BP, Royal Dutch Shell and BG Group are poised to bid for a stake in a giant Indian gasfield worth up to $2billion (£1 billion).

Tomorrow, India’s state-owned Gujarat State Petroleum Company (GSPC) is to take expressions of interest from international oil companies for up to 30 per cent of the fields which it has named Deen Dayal, or Saviour of the Poor.

The auction is one of the most promising opportunities international oil majors have had to gain a foothold in India’s gas-rich Krishna-Godavari basin. Situated off the East Coast of India, the basin has been dubbed India’s North Sea.

BP is looking to India as it faces disappointment in Russia, where its rights to a huge gasfield in Siberia are under threat. The Kremlin is expected to revoke its licence for the Kovykta field within days.

The Deen Dayal sale is part of a drive to exploit India’s oil and gas reserves, which are largely undeveloped.

GSPC has estimated Deen Dayal’s reserves at up to 20 trillion cubic feet of gas, which would make it the largest hydrocarbon discovery yet made in India.

The company is halfway through a 14-well drilling programme to verify its reserves, which have yet to be independently audited.

The company hired Swiss investment bank UBS to run the sale.

Bidders are being asked to put in indicative offers tomorrow. They will then be allowed to examine additional data on the field before submitting a single binding bid towards the end of the summer.

This could bring the British companies head to head with US oil giant ExxonMobil as well as national oil companies such as Brazil’s Petrobras, Norway’s Statoil and Malaysia’s Petronas.

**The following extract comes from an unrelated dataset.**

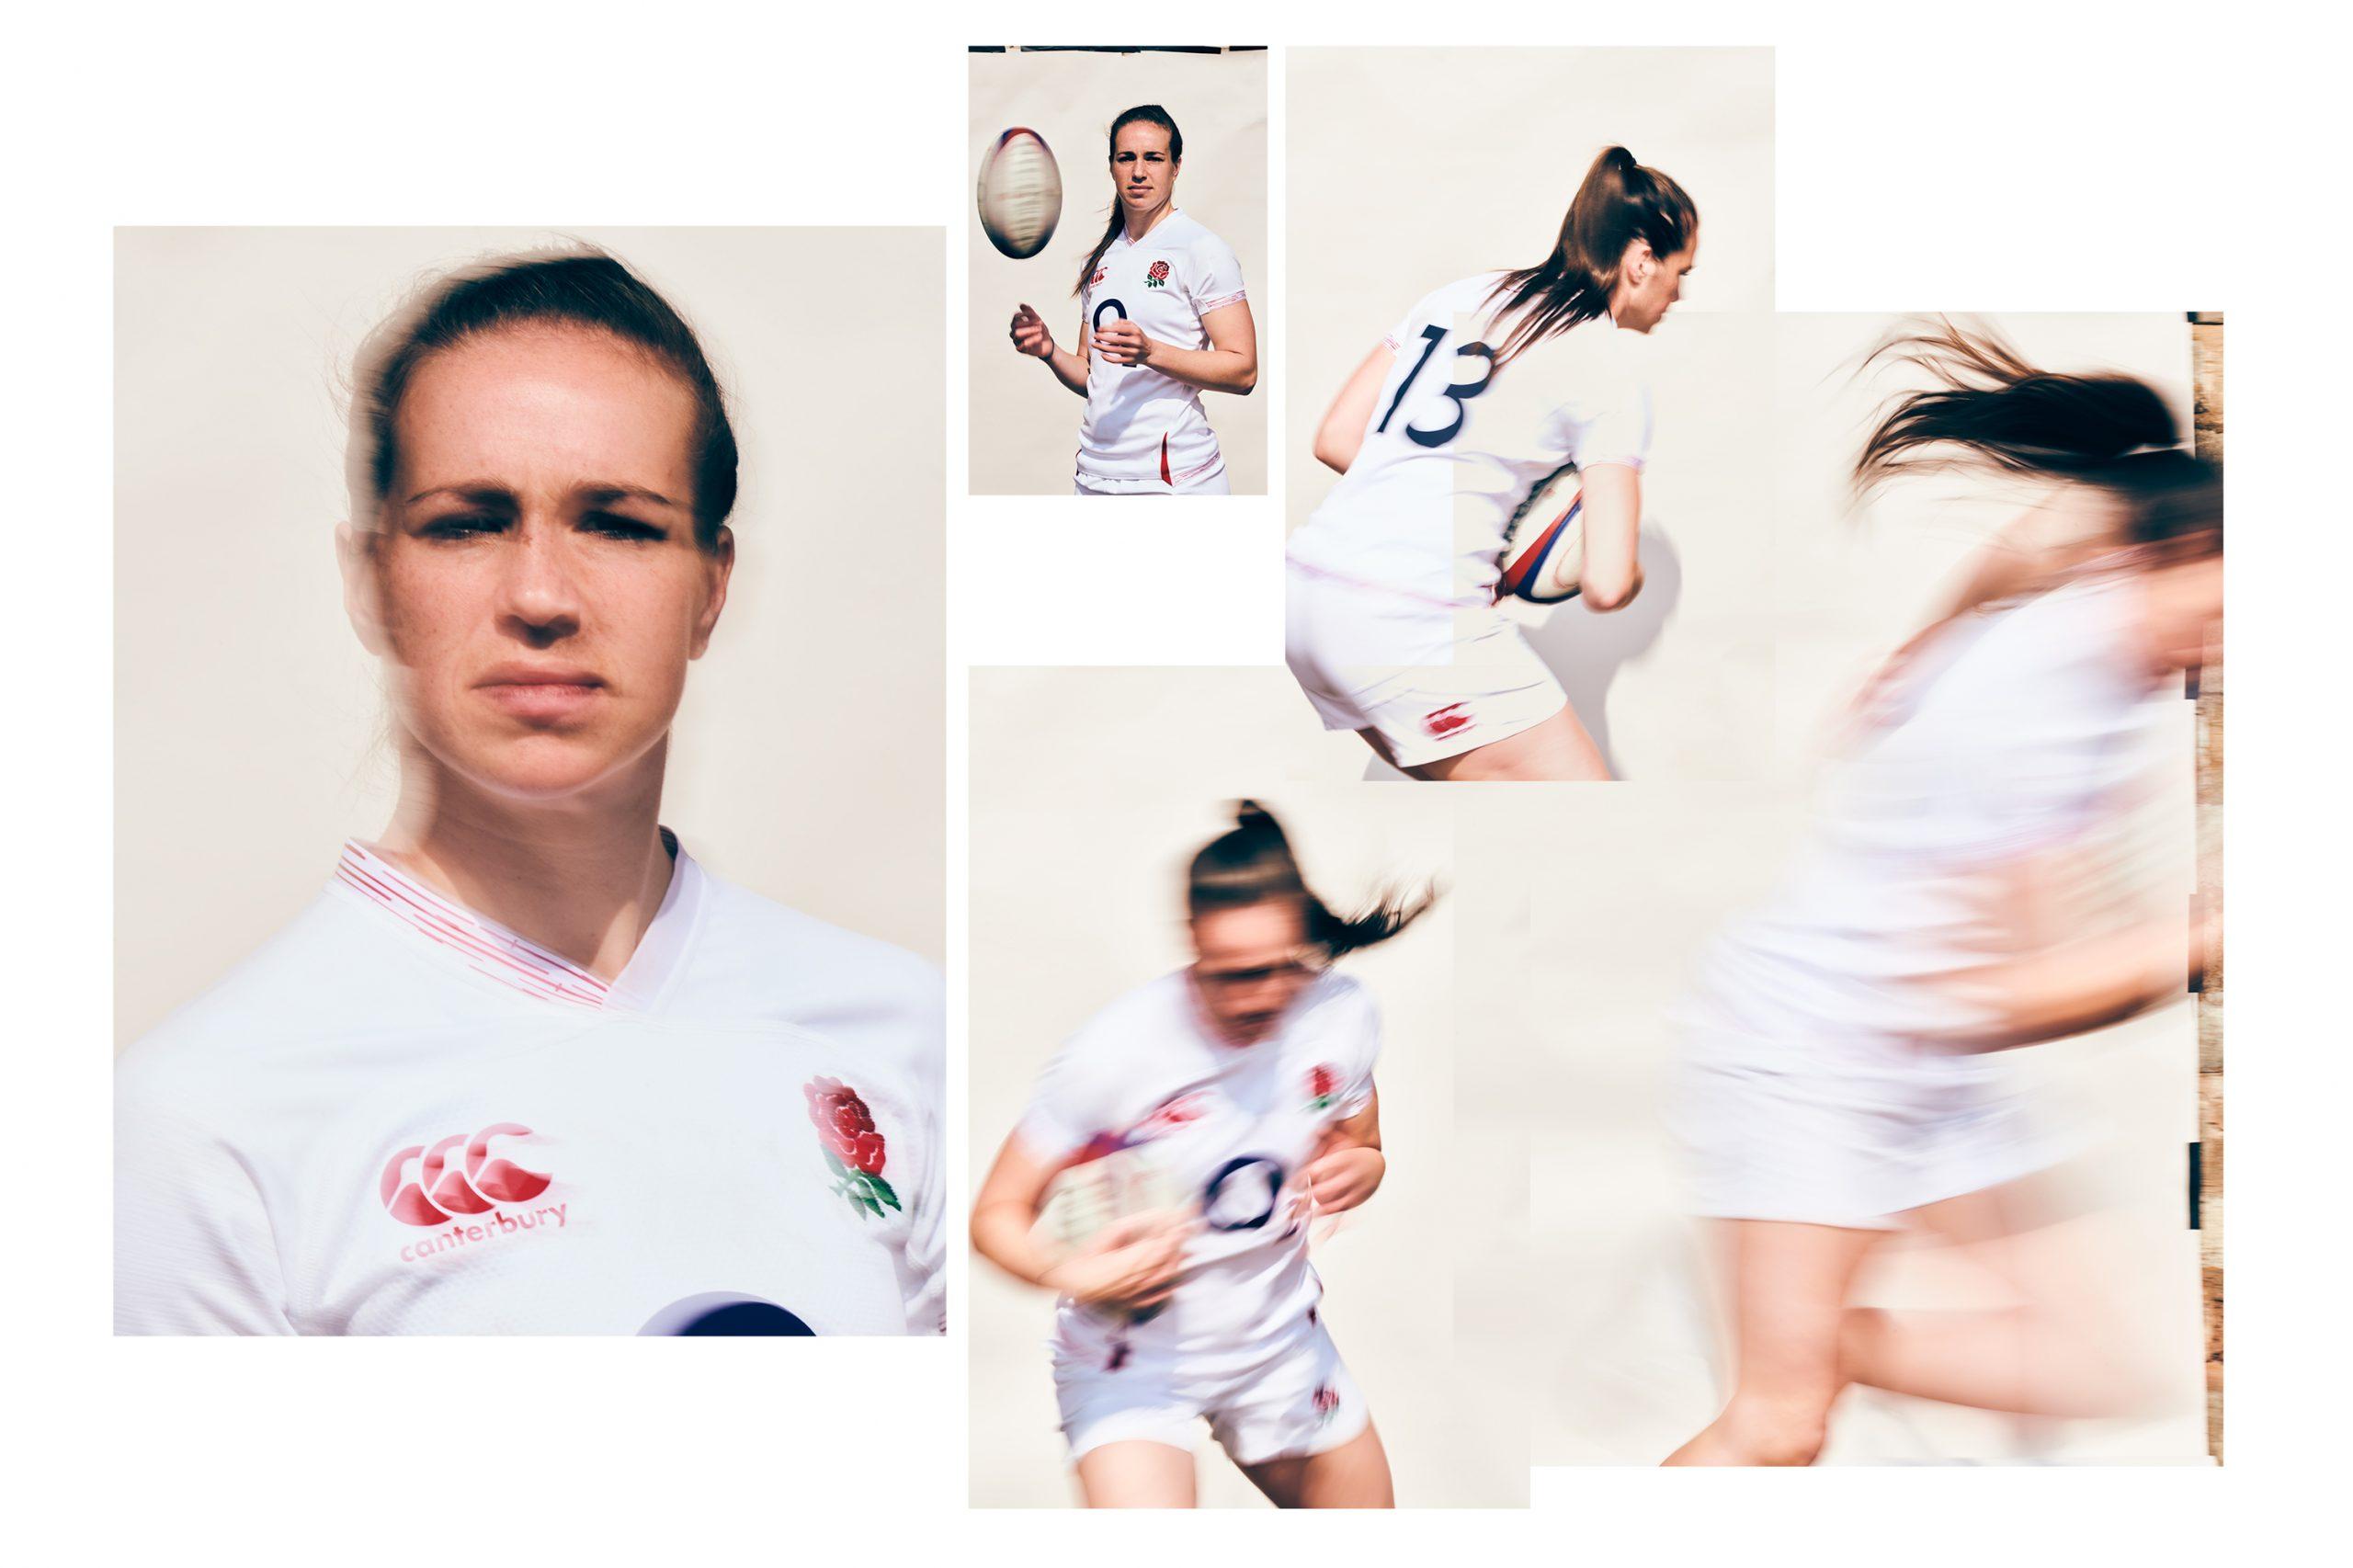 Rugby-Journal_Emily-Scarratt_Portrait_92992-group
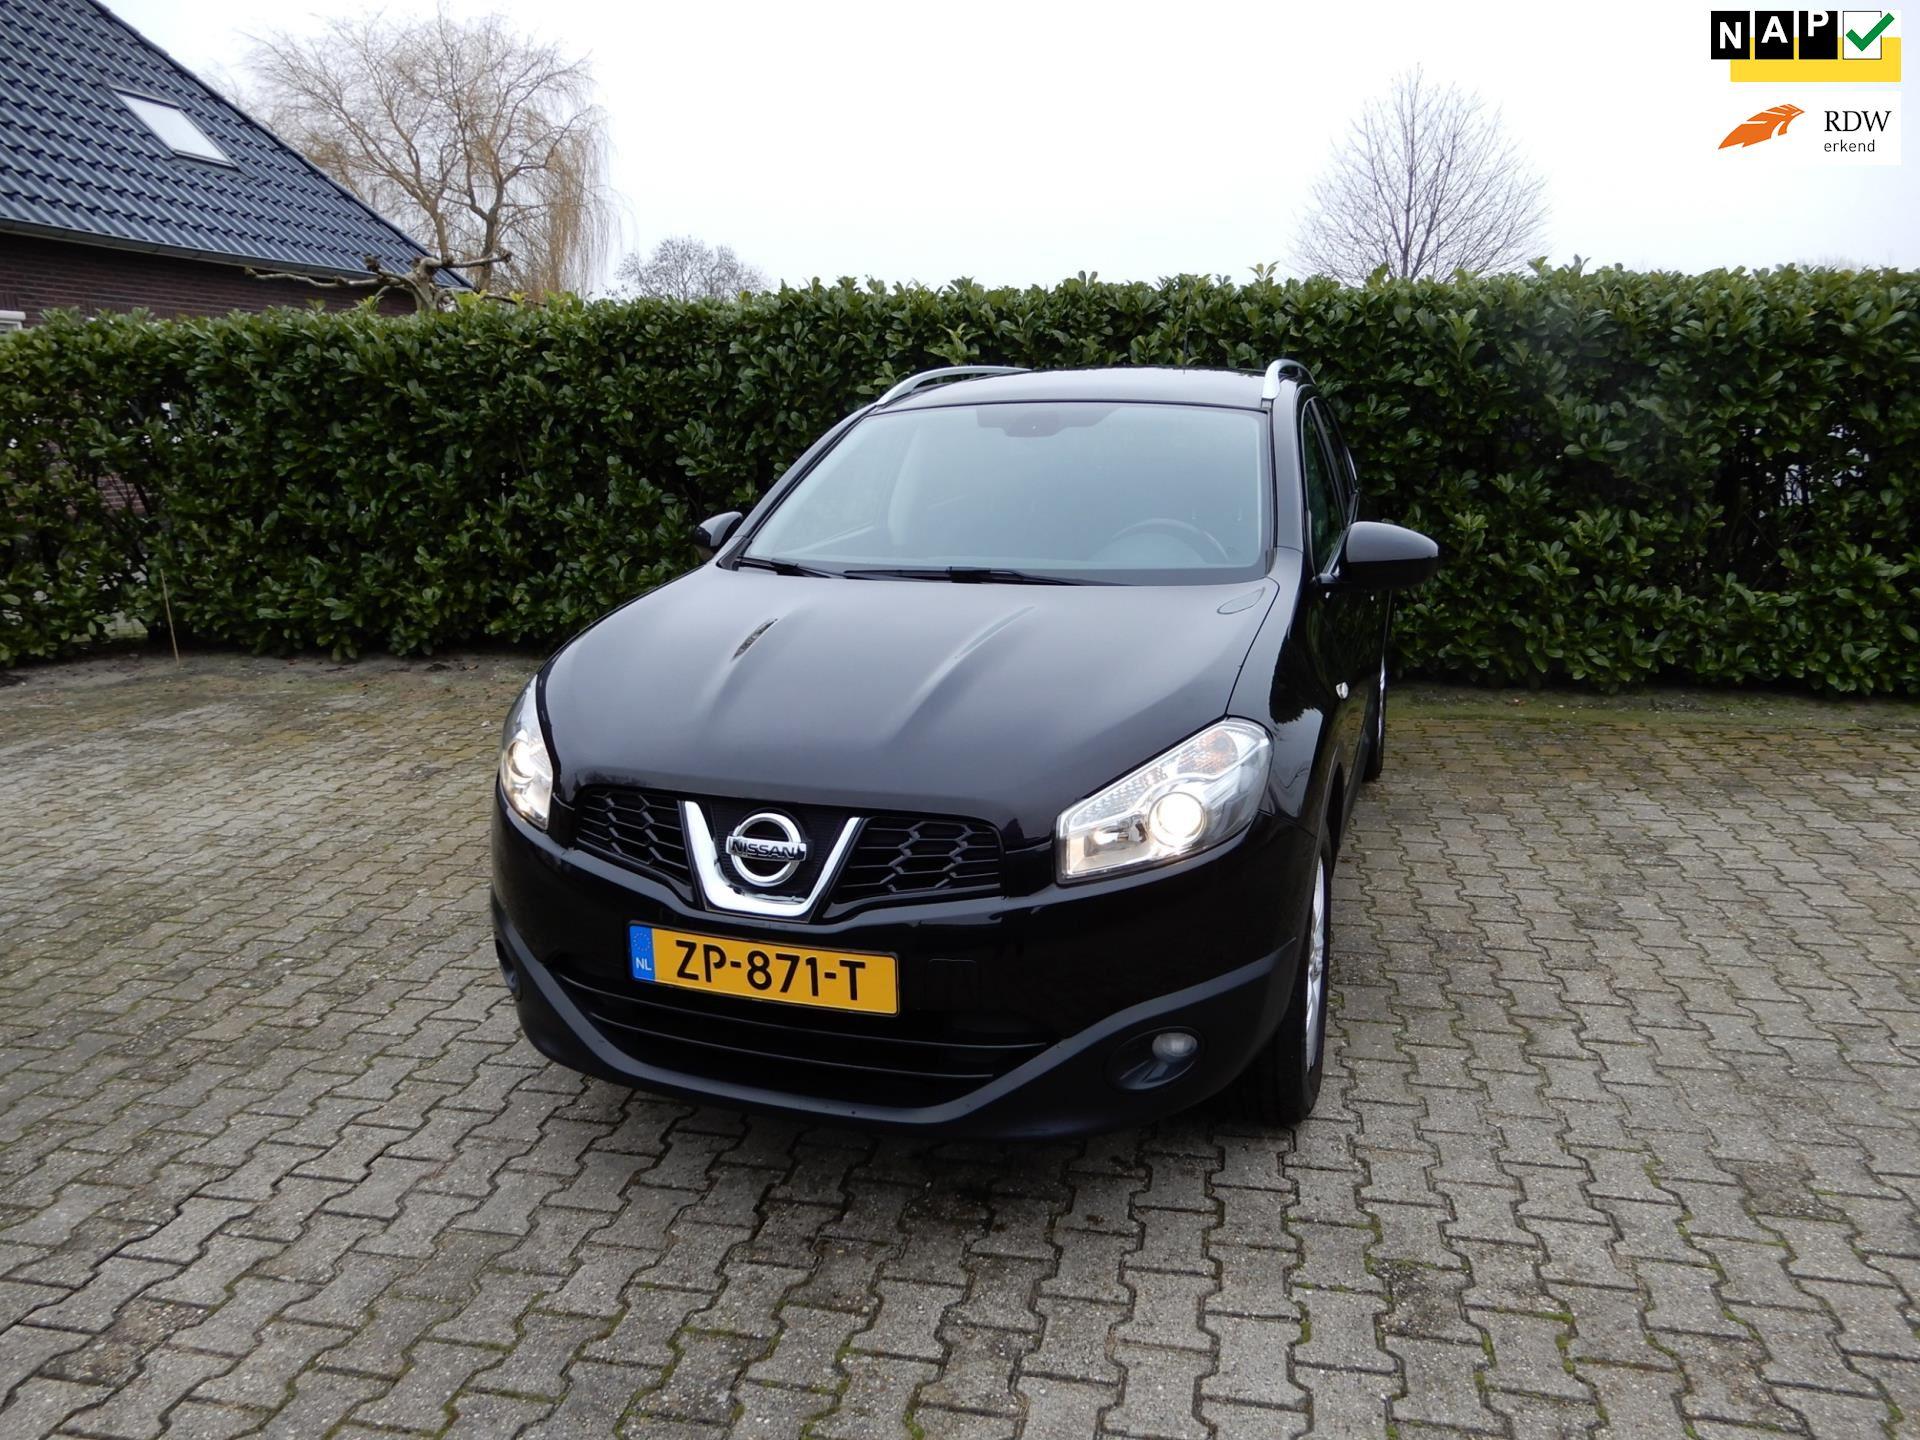 Nissan Qashqai 2 occasion - Autobedrijf Nieuwbroek

The oil industry’s interest in India was sparked after Reliance Industries discovered a 11.2 trillion cubic feet gasfield in the Krishna-Godavari basin in 2002. Cairn Energy then had success in Rajasthan in 2004.

Recently, the New Delhi government has invited foreign firms to take part in several bidding rounds to win licences for exploration blocks around the country.

Previously, India’s reputation for fearsome bureaucracy, coupled with the dominant position and poor exploration record of the state-controlled Oil and Natural Gas Corporation (ONGC), kept international oil majors away.